青瓷茶杯裡一圈圈升騰起氤氲的霧氣,茶香萦繞,一片寂靜。
嘉柔問:“施主有心事?”
“瞞不過大師慧眼。”
“阿彌陀佛,”嘉柔垂眸,“因果相報,把這因果還幹淨了,也便清淨了。”
林妍苦笑,“可惜,我愚鈍,勘不破究竟是還因果,還是造因果。”
“何出此言呢?”
佛家清淨之地,不染殺孽,林妍的佩劍放在了門外,她的目光落在佩劍上,算是回答了嘉柔。
又聽嘉柔道,“貧尼聽過一個問題,不知如何選擇,施主可能為貧尼解惑?”
“在下不敢妄言,”林妍擡手,“大師請講。”
嘉柔說道,“路上有一輛馬車,驚了馬,向前沖,車夫禦不住車。前面有兩個頑童戲耍,左面一間破屋,右面是一間正建的屋子。請問,若施主禦馬,當如何?”
林妍想了下說,“左邊。”
“破屋裡有卧病在床的老人,動彈不得,馬車沖上來,破屋倒了,老人也被壓死了。”
“那右邊呢?”
“兩個砌牆的工匠偷工減料,壘的歪歪斜斜,沖撞之下牆榻屋毀,兩個工匠也被砸死了。”
林妍反問,“難不成隻能向前沖去?”
嘉柔說:“若是向前,兩個孩子,會被馬車碾死。
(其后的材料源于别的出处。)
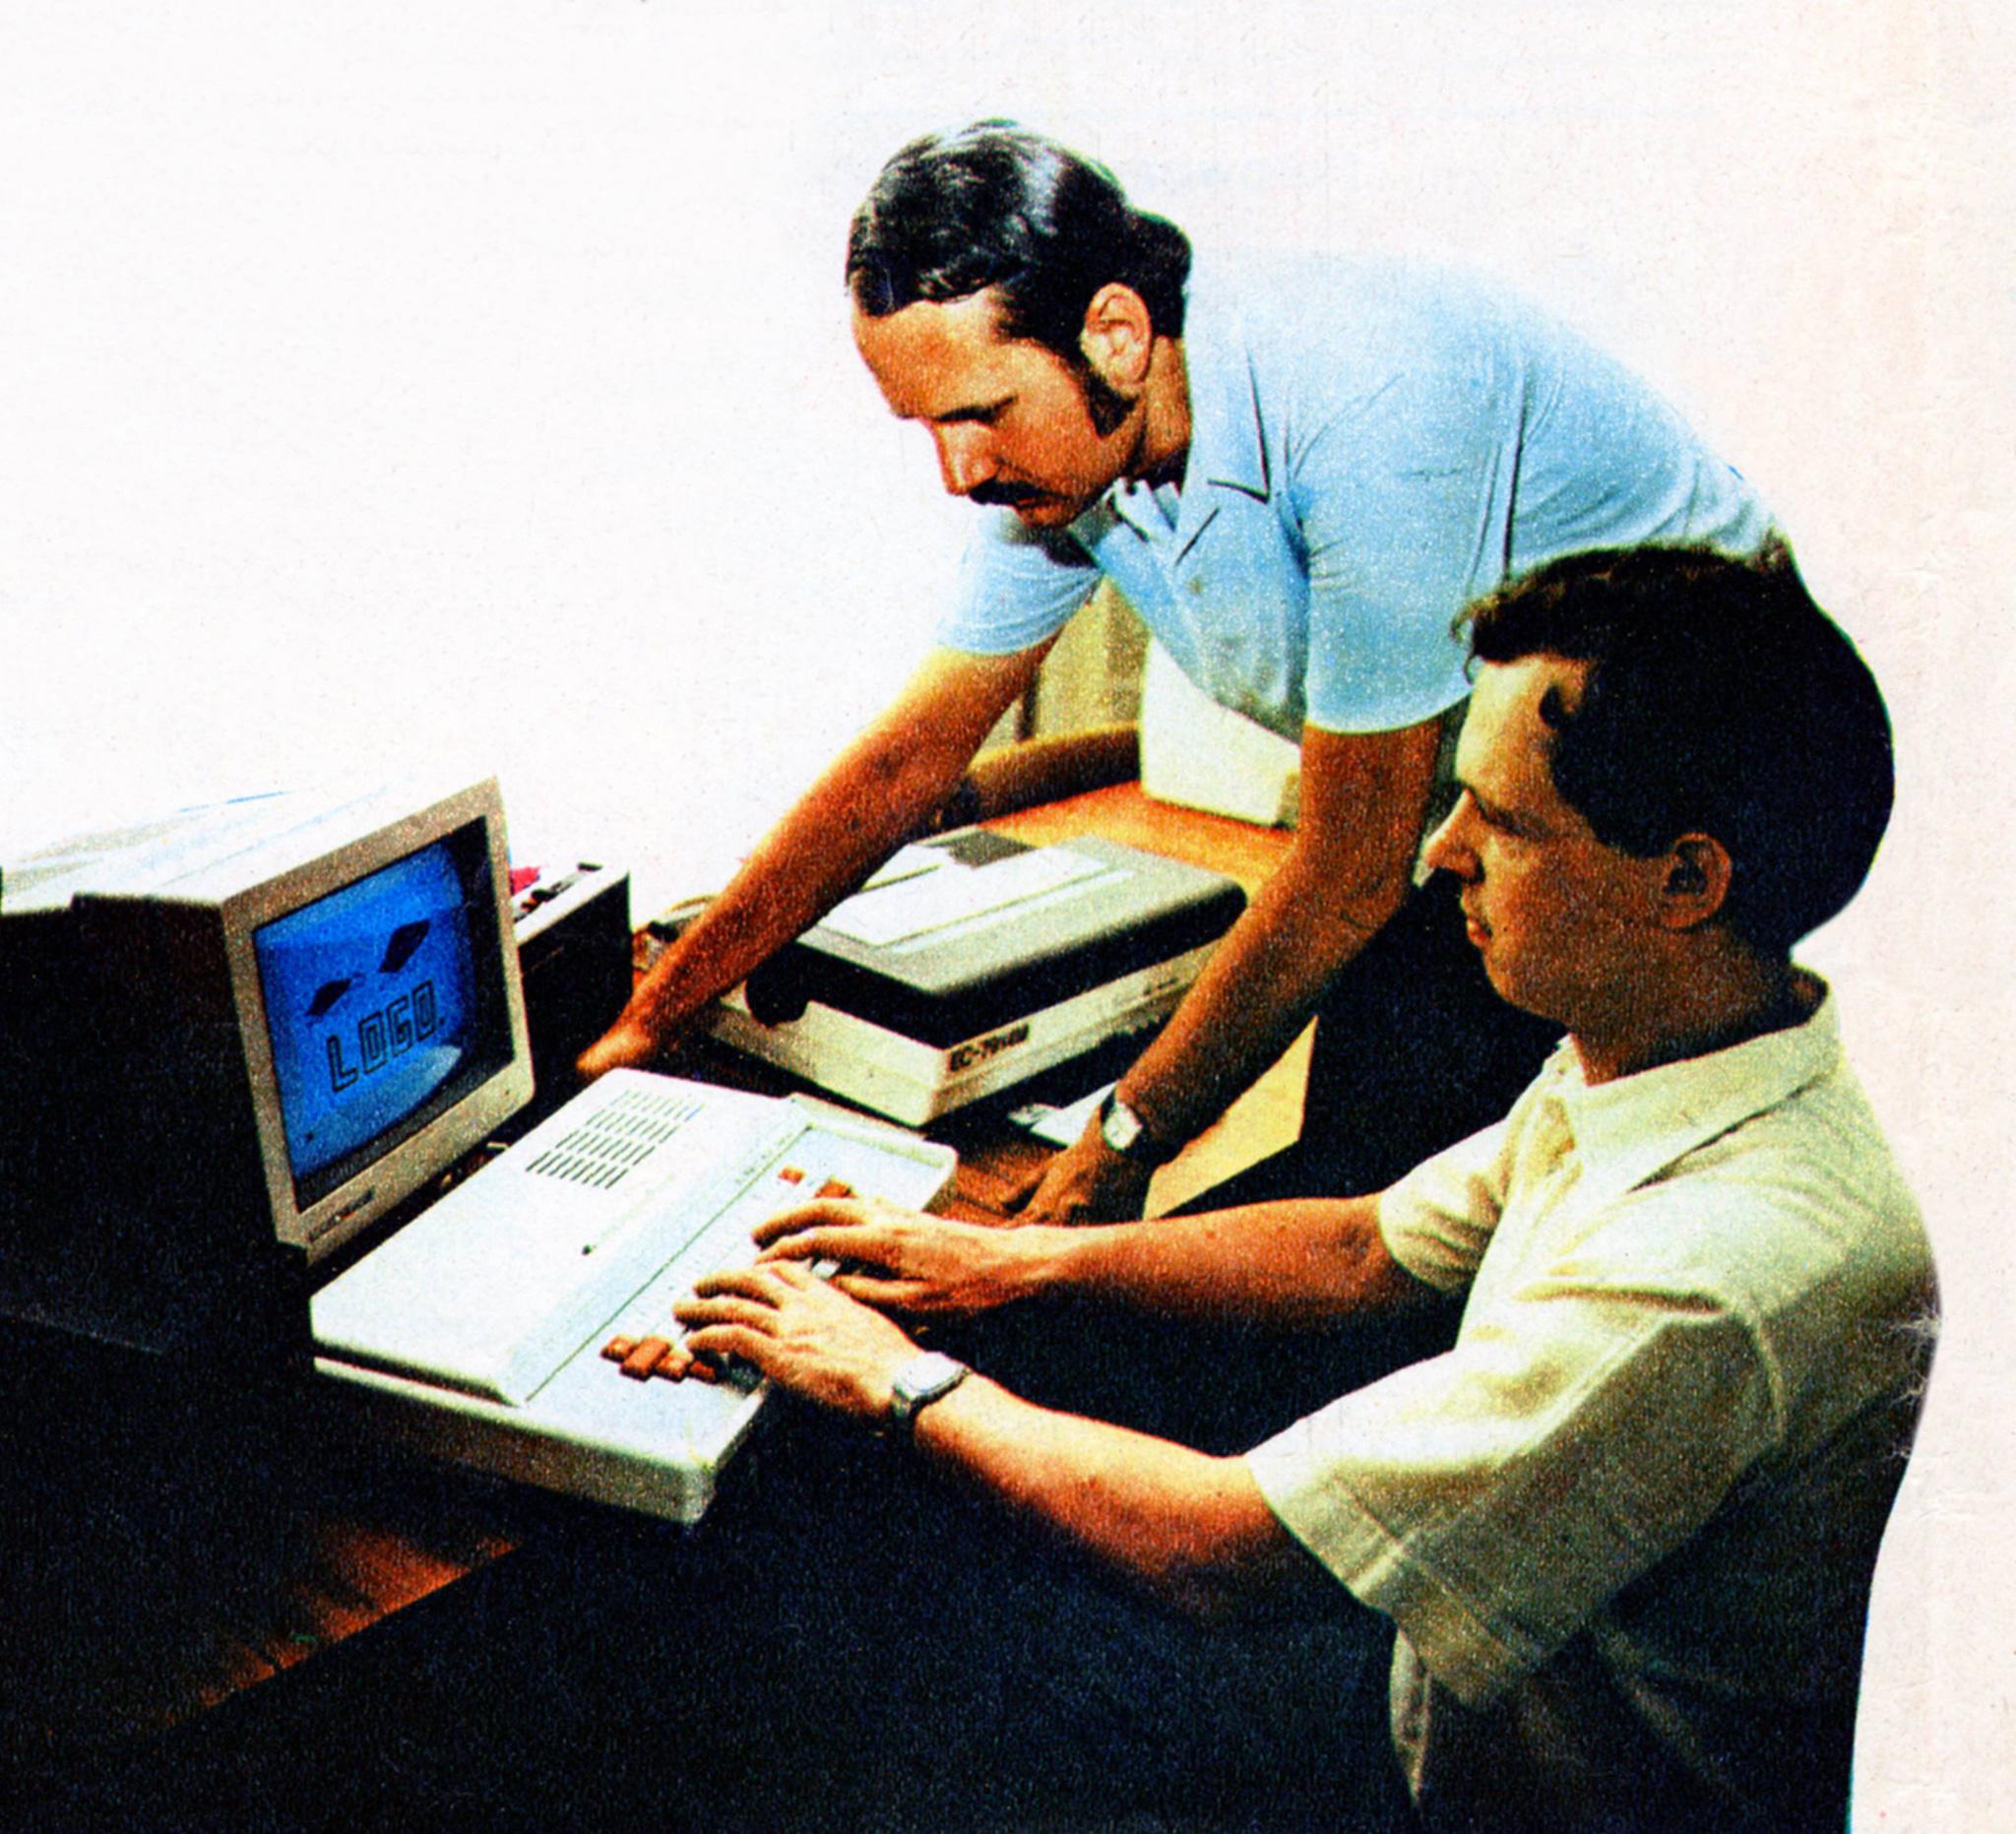 Jan Węglarz iWojciech Cellary przy prototypie ELWRO 800 Junior, anaekranie LOGO zkultowym żółwiem

”
林妍想了想,低頭說,“或許我還有選擇,我跳下馬車,以身相擋,或有一線生機。”
嘉柔笑笑,又給出死局:“馬車裡有你的親人,馬車翻倒,你和親人一同都會死。”
林妍閉眼,明白了嘉柔的意思:“無解。”
“對,無解,都是殺孽。”嘉柔的聲音慢慢悠悠,佛門清淨地,她絲毫不避諱。
嘉柔說道:“向前,這是馬車應走的路,碾上那兩個孩子,是他們本來的命數;向左,那是一位垂暮的老人,油盡燈枯,用他一個換兩個年幼的孩子,似乎也合适;向右,是那匠人偷工減料,咎由自取。以身相擋,你雖連累了至親,卻能救世人性命。”
似乎死哪個都有道理,卻都沒有道理。
“貧尼在宮中時便已參悟許久,終不得法門。”嘉柔低聲說道,“隻問施主一句,如今的情形,可是如施主所願?”
林妍低低一歎,“非我本意。”
“阿彌陀佛,既非施主本意,那施主本意為何?”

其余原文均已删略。